*EXERCISE OBJECTIVE*
With the pictures left out, return exactly the lines from the one containing "Heirloom Furniture & Gifts" through the end of the listing below.

*EXERCISE INPUT*
────────────────
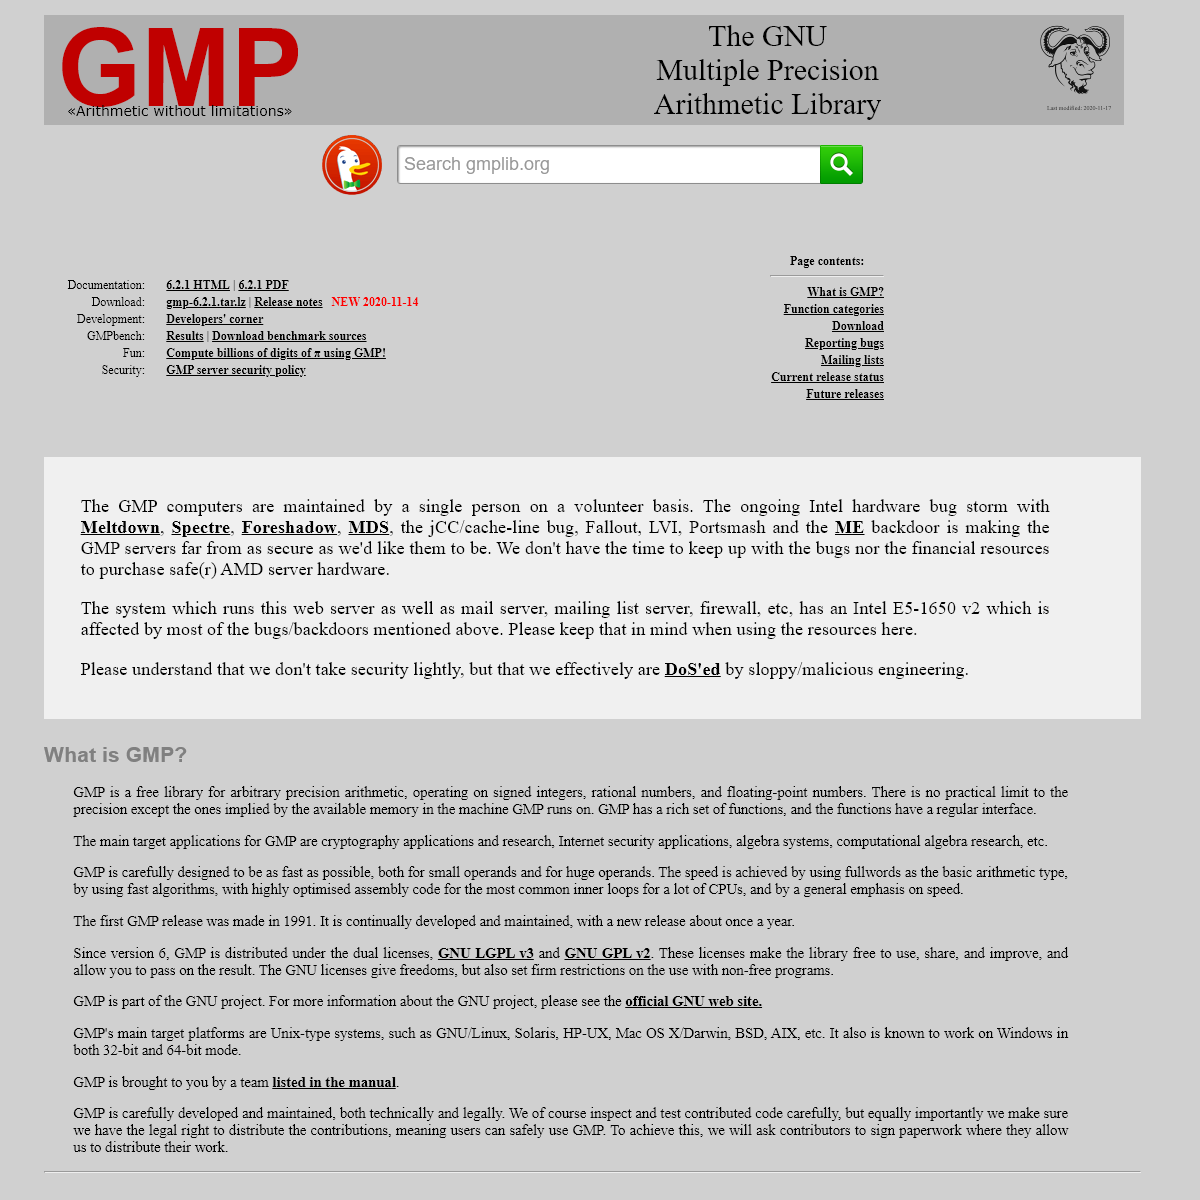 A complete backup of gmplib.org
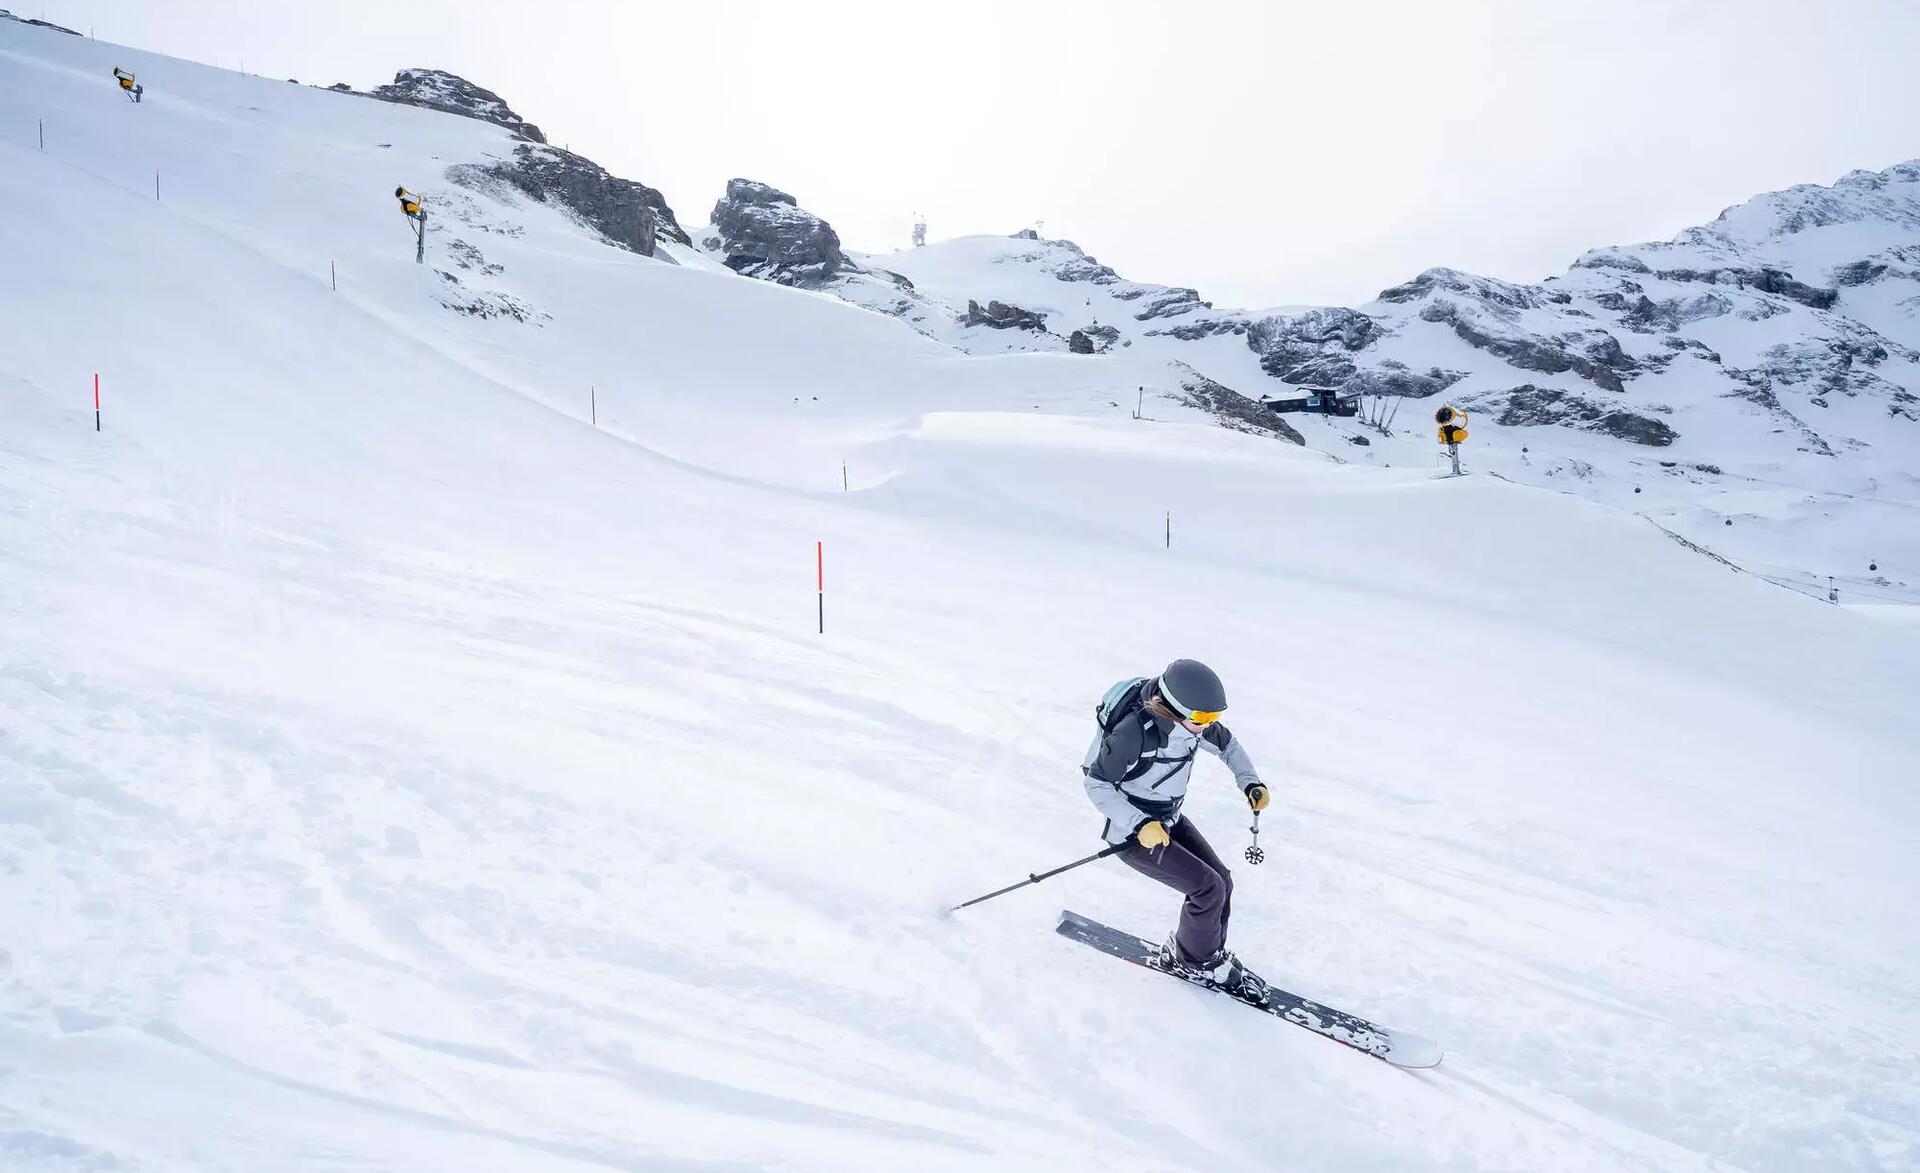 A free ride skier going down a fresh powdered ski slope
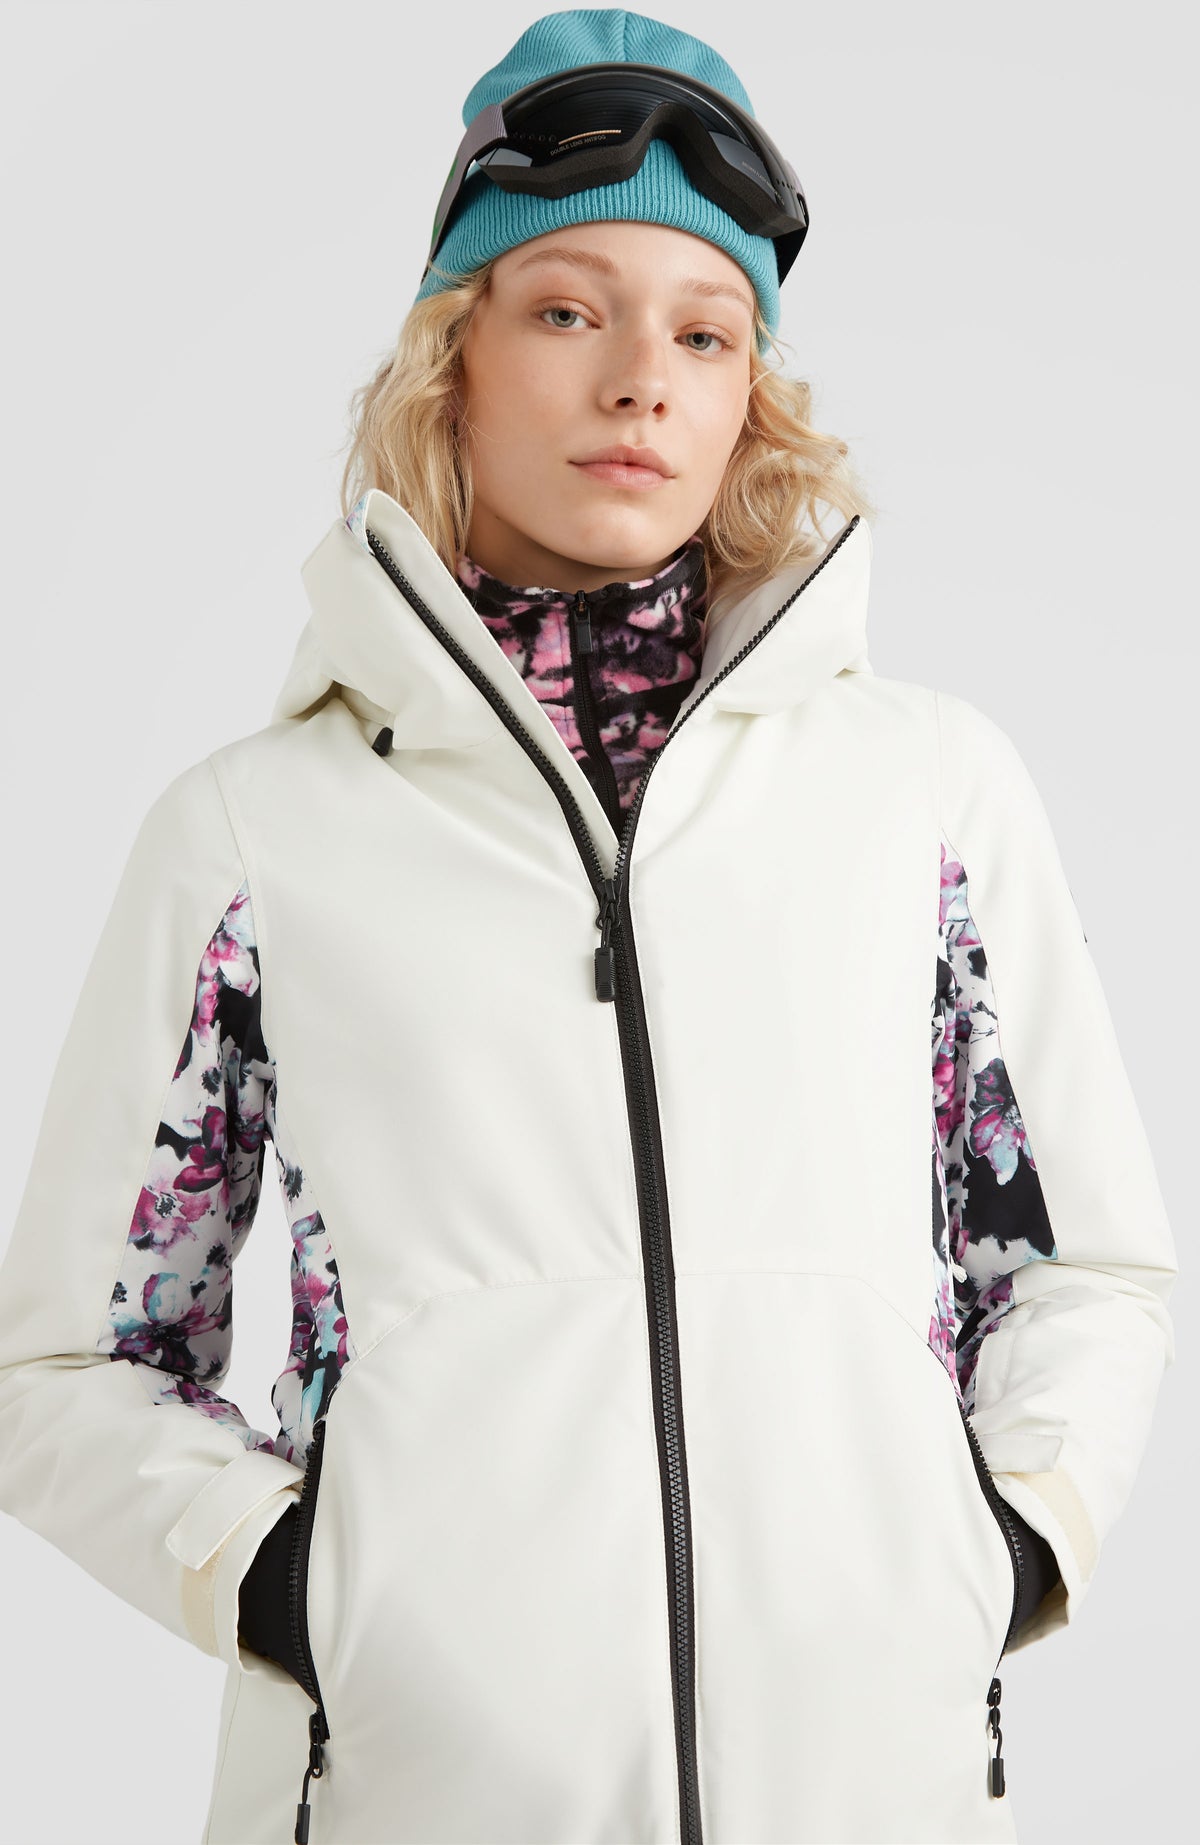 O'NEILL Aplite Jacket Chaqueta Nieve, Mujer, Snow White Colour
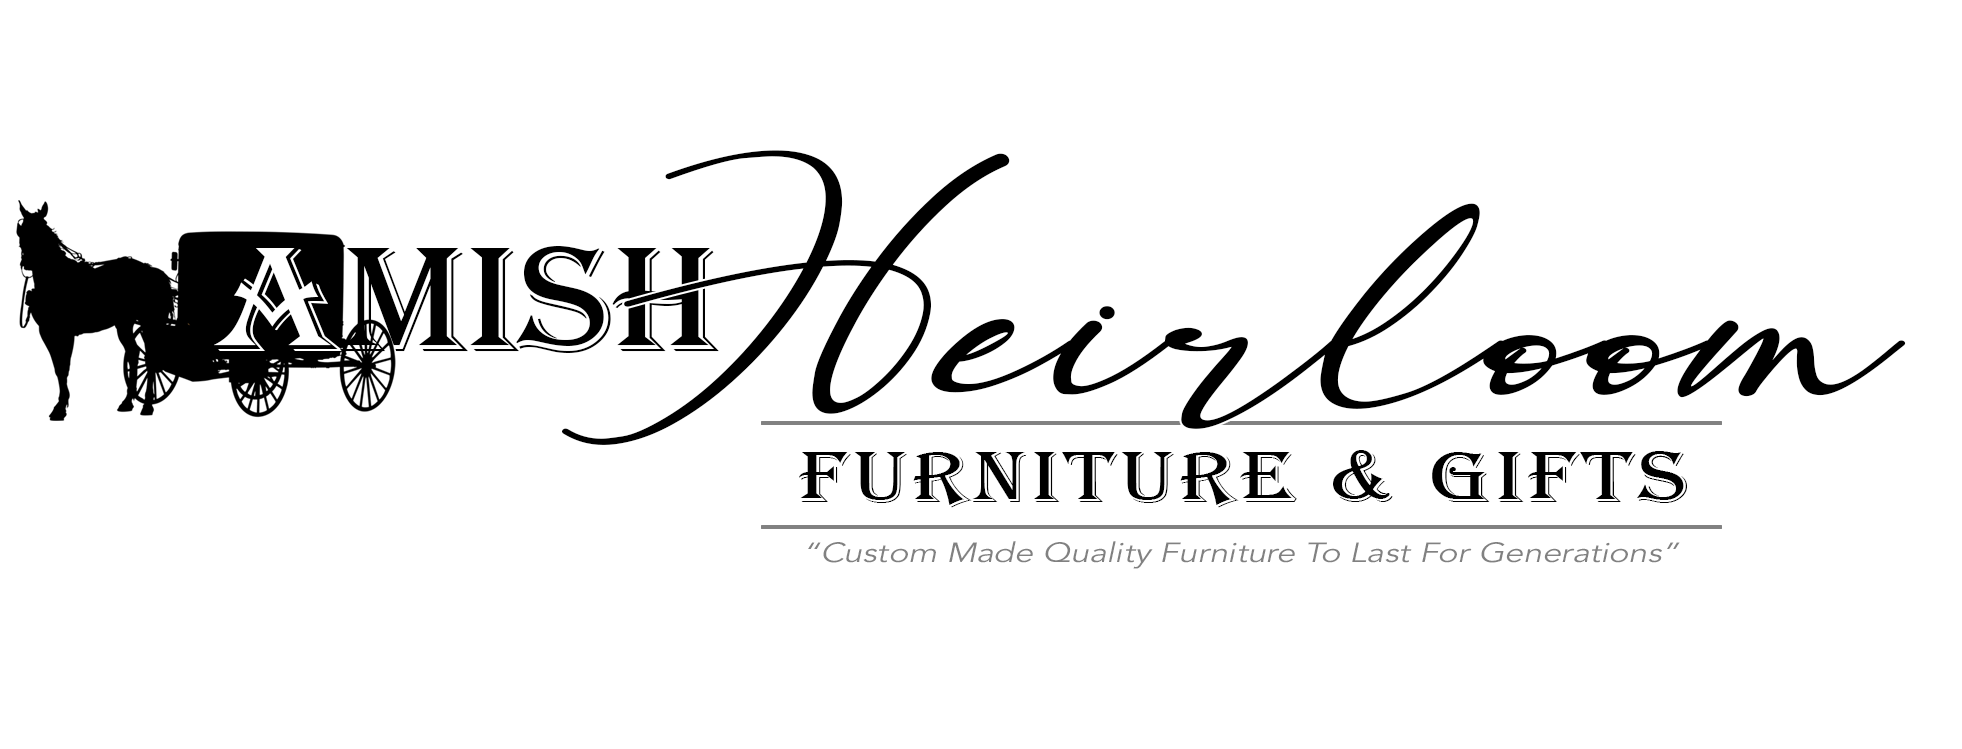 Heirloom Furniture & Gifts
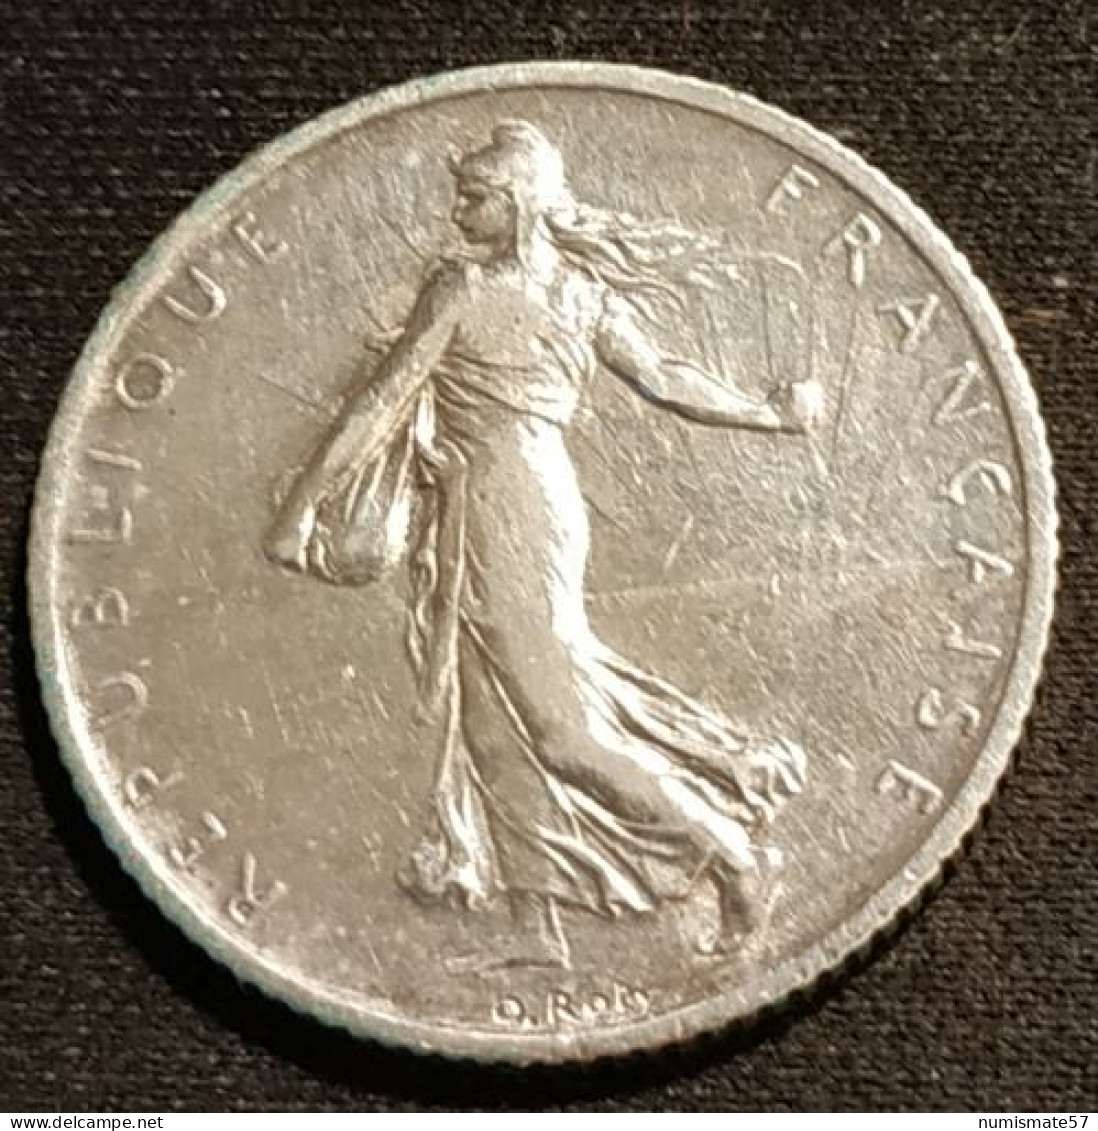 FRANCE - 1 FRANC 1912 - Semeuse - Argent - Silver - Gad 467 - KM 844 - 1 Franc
────────────────
*RESULT OF THIS TASK*
 Heirloom Furniture & Gifts
 FRANCE - 1 FRANC 1912 - Semeuse - Argent - Silver - Gad 467 - KM 844 - 1 Franc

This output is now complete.